# Concrete and Rock Materials

In Radioss these materials can be used to represent rock or concrete materials.

These materials use a Drucker–Prager yield criterion^{1}, which is a pressure-dependent model for determining whether
a material has failed or undergone plastic yielding.

## Concrete Material (/MAT/LAW10 and /MAT/LAW21)

### Drucker-Prager Yield Criteria

- ${J}_{2}$
- Second stress invariant (von Mises stress) of the deviatoric part of the stress and $P=-\frac{{I}_{1}}{3}$.
- ${I}_{1}$
- First stress invariant (hydrostatic pressure).
- ${I}_{1}={\sigma}_{1}+{\sigma}_{2}+{\sigma}_{3}=-3P$
- ${J}_{2}=\frac{1}{6}\left[{\left({\sigma}_{1}-{\sigma}_{2}\right)}^{2}+{\left({\sigma}_{2}-{\sigma}_{3}\right)}^{2}+{\left({\sigma}_{3}-{\sigma}_{1}\right)}^{2}\right]=\frac{1}{3}{\sigma}_{VM}{}^{2}$
- In a uniaxial test.

- If $F<0$, ${J}_{2}<{A}_{0}+{A}_{1}P+{A}_{2}{P}^{2}$ the material is under yield surface and is in the elastic region.
- If $F=0$, ${J}_{2}={A}_{0}+{A}_{1}P+{A}_{2}{P}^{2}$ and the material is at the yield surface.
- If $F>0$, ${J}_{2}>{A}_{0}+{A}_{1}P+{A}_{2}{P}^{2}$ and the material is past the yield surface and has failed.
- If ${A}_{1}={A}_{2}=0$, ${\sigma}_{VM}=\sqrt{3{J}_{2}}=\sqrt{3{A}_{0}}$, which is the von Mises criterion.

### Pressure Computation

- If ${P}_{ext}=0$, the pressure is $P=\text{\Delta}P$ and the pressure limit is ${P}_{\mathrm{min}}=\text{\Delta}{P}_{\mathrm{min}}$.
- If ${P}_{ext}\ne 0$, the pressure is shifted by ${P}_{ext}$, then $P={P}_{ext}+\text{\Delta}P$ and the pressure limit is ${P}_{\mathrm{min}}={P}_{ext}+\text{\Delta}{P}_{\mathrm{min}}$.

- In traction or tension the pressure is linear and limited by $\text{\Delta}{P}_{\mathrm{min}}$.
- In compression the pressure is nonlinear also limited by $\text{\Delta}{P}_{\mathrm{min}}$.

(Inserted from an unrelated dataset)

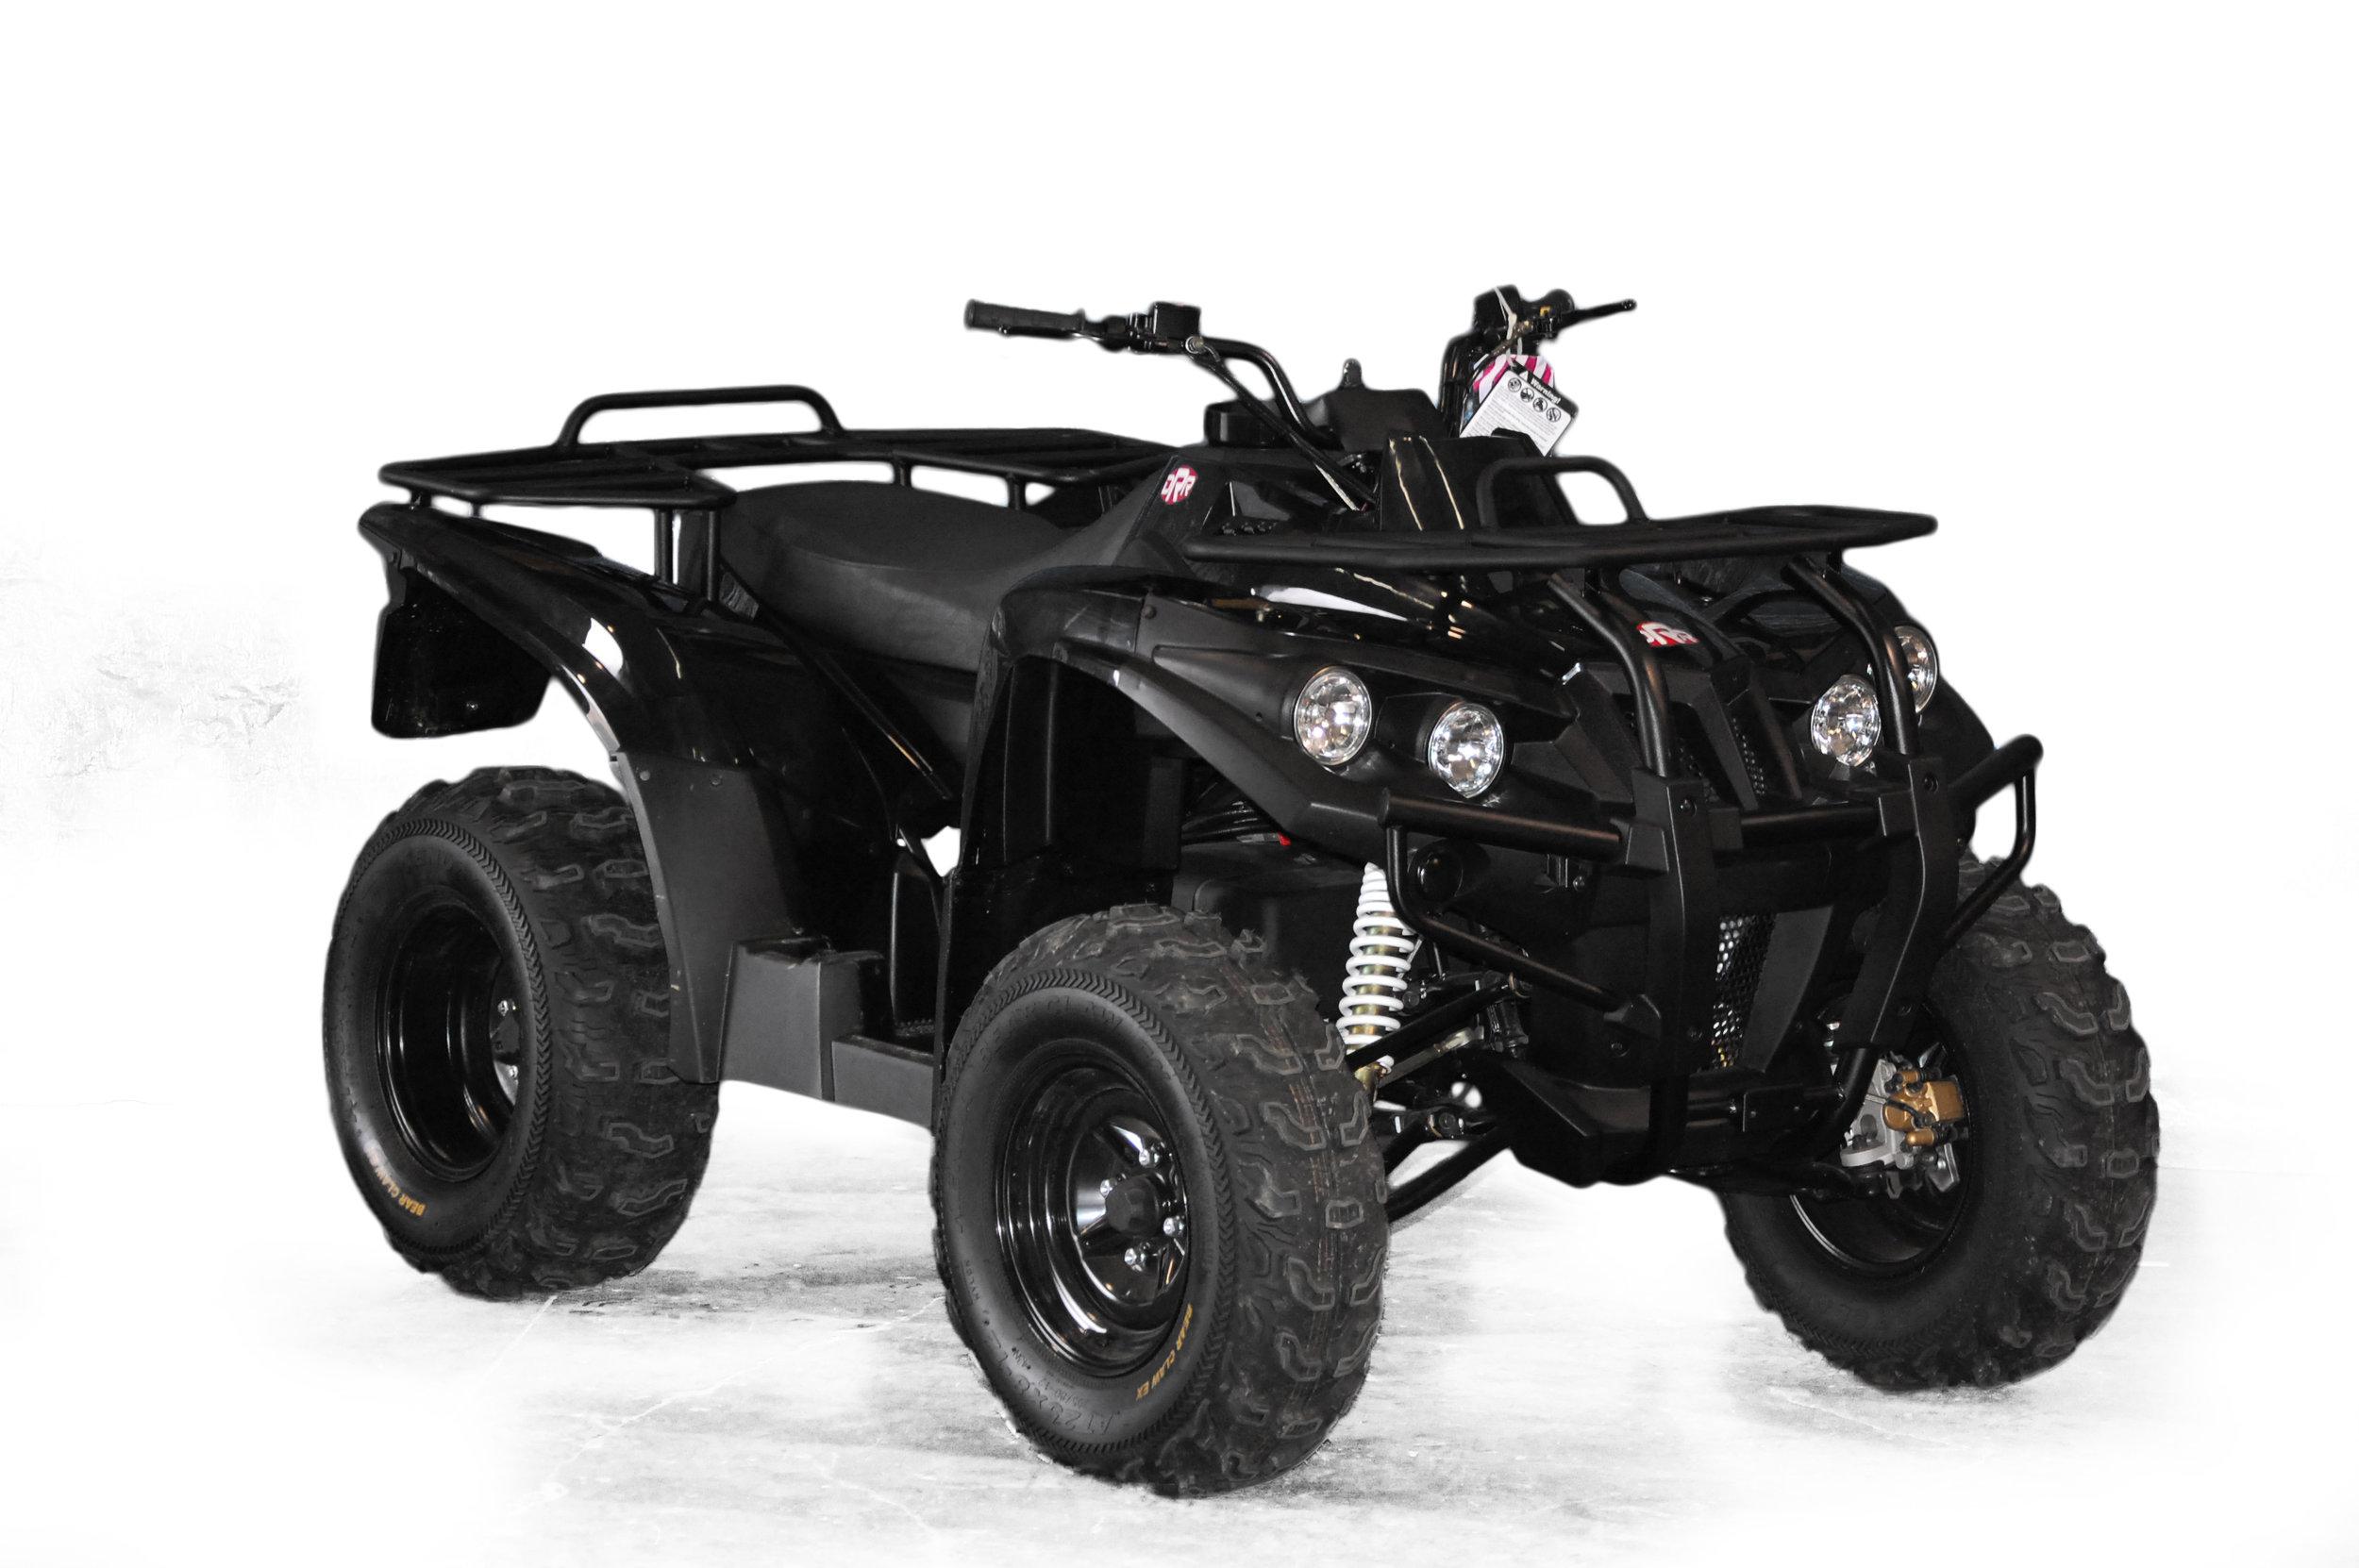 DRR Electric ATV Angled view.jpg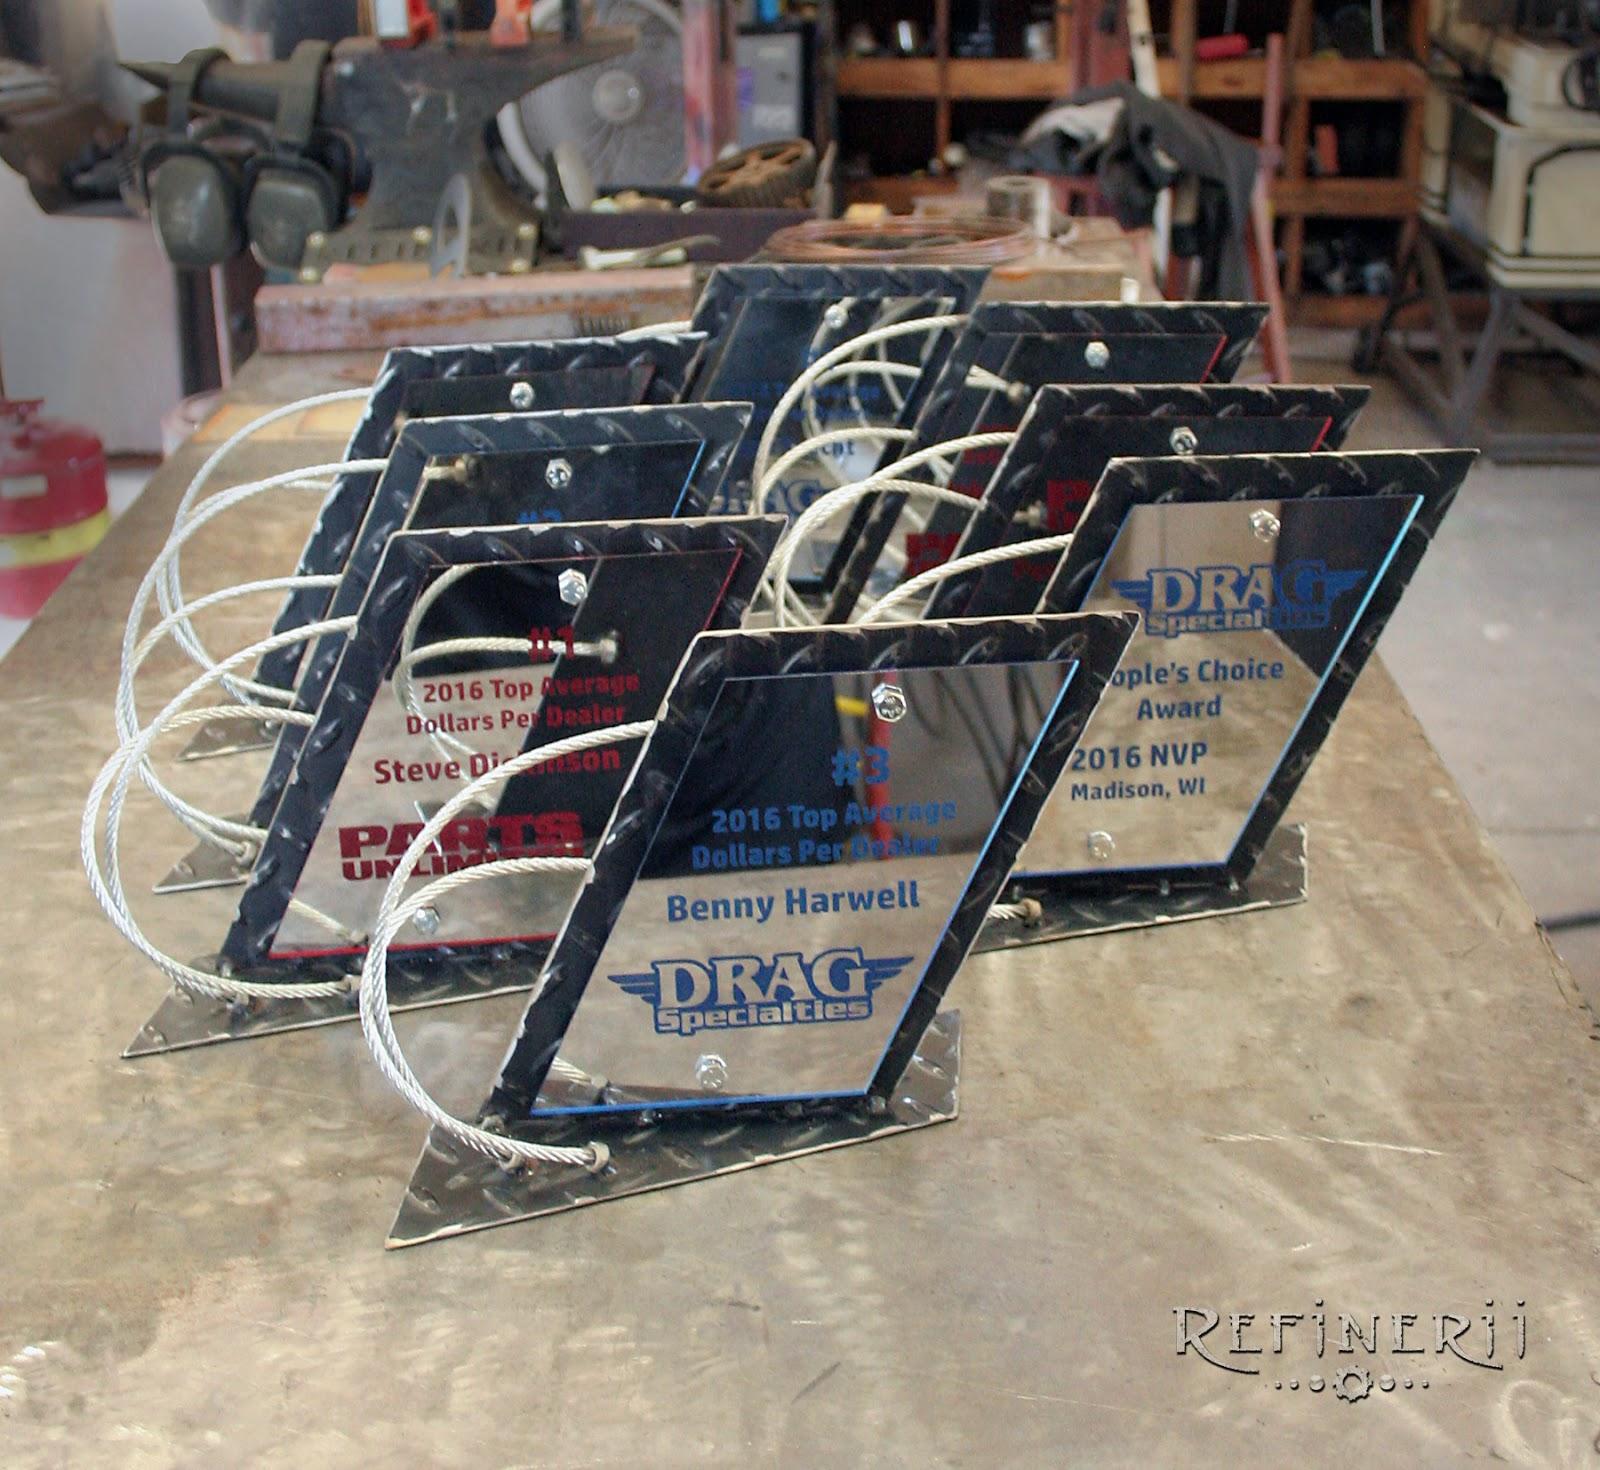 Refinerii Studios: Drag Race Custom Trophies with Diamond Plate

The only difference between the material laws is that in LAW10 the material constants $${C}_{0},{C}_{1},{C}_{2},{C}_{3}$$ are used to describe the pressure versus volumetric
strain ($P-\mu $ curve). In LAW21 you can describe this curve via
function input `fct_ID`_{f}.

### Load and Unload

- In Tension ($\mu <0$)
- For LAW10, linear loading and unloading with $$P={C}_{1}\mu $$ (Figure 3).
- For LAW21,
loading is defined using the input function
`fct_ID`_{f}and linear unloading with $$P={K}_{t}\mu $$.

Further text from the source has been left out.